The first two lines and the second two lines contain two grammatically parallel main clauses which repeat 'My heart is' and are completed by a comparative structure beginning with 'like'. The head of the noun phrase within this comparative structure refers to a natural object ('bird', 'apple-tree') and is postmodified by a relative clause suggesting happy conditions (the bird's nest is in a good place, the apple tree is loaded with fruit) . Given that the poem's title is 'A Birthday' we can infer that the persona is very happy on her birthday. The ABCB rhyme scheme helps to tie the parallelistic couplets together, reinforcing the effects of the grammatical parallelism.

These two lines parallel the first two and the second two. 'My heart is like' is repeated at the beginning of the clause and the natural object is again postmodified by a relative clause indicating all is well with its world ('halcyon' means calm, peaceful). Yet more indications of birthday happiness, then.

These are the last two lines of the poem. The parallelistic pattern established in the first six lines of the poem s partly continued but partly broken here, leading to an effect of internal deviation and so an interpretative expectation of meaning change. The subject and verb 'My heart is' are repeated and the complement of the verb is also a comparative structure. But it does not involve 'like' and it only extends to the end of the first of the two lines. The first of the two lines tells us that the persona's heart is, in fact, in an even more happy condition than all three natural things it has been compared with so far. And the final line of the poem, which is outside the established parallelistic structure of the first seven lines gives the extra reason for this: it is not just that it is her birthday - the person she has loved has come to her as well.

We can also see that the ABCB rhyme scheme of the first four lines is repeated in the last four lines of the poem.
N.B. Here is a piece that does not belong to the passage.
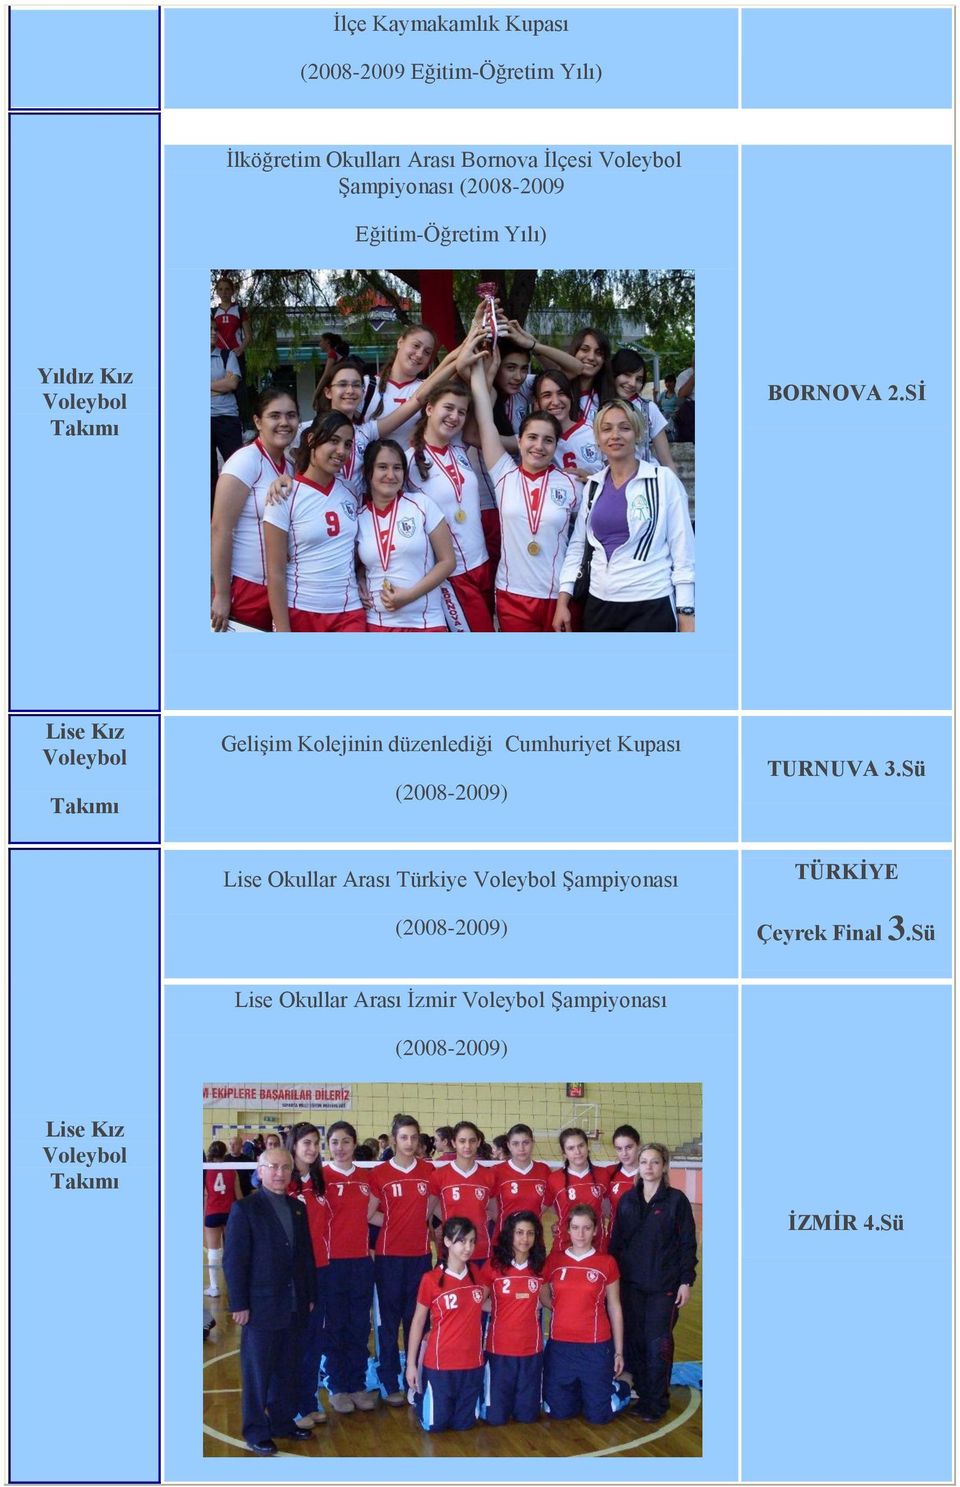 Sİ Lise Kız Gelişim Kolejinin düzenlediği Cumhuriyet Kupası (2008-2009) TURNUVA 3.

This means that the introduction of the arrival of the loved one is connected by rhyme parallelism to the 'halcyon sea' line.

Like the first stanza of Donne 'The Indifferent' this poem is carefully constructed in terms of its parallelism. But for our money, although it is not from one of his very best poems, Donne's first stanza of 'The Indifferent' is much more interesting than Rossetti's poem. Donne's parallelisms lead to more complex effects and the ideas being explored are more challenging philosophically. Rossetti's poem, though well-constructed, merely reinforces commonly-held views in a conventional way. People are usually happy on their birthday, happiness often conventionally involves comparisons with 'happy nature' and it is usually the case that when your loved one turns up you will be even happier than before, even on your birthday. Because of its sentimentality you can imagine the Rossetti poem in a birthday card found in a 'For Your Love' subsection of the 'Birthday Card' section of a card shop. Donne's lines would sell rather less well, we suspect!

A Note on Evaluation

The comments above clearly indicate that we prefer Donne's lines to Rossetti's, even though they have a similar 'parallelism + internal deviation' construction. You need to make up your own mind, of course. But you also need to be clear about your reasons (as we have tried to be). Whatever your views on this particular matter, it is worth noting from the above that you can't conclude that the more foregrounding there is the better a poem will be or that similar poetic structures lead to similar evaluations. Value judgements have to occur after complete understanding of a text, including the relationship between form and content in it, as well as other matters to do with aesthetic taste. Stylistic analysis, then, can help us to understand how texts come to be understood in the ways that they do. But you cannot go straight from such analysis to evaluation - although the detailed treatment of a text which stylistic analysis provides can often help you be clearer about why, and how, you come to a particular judgement.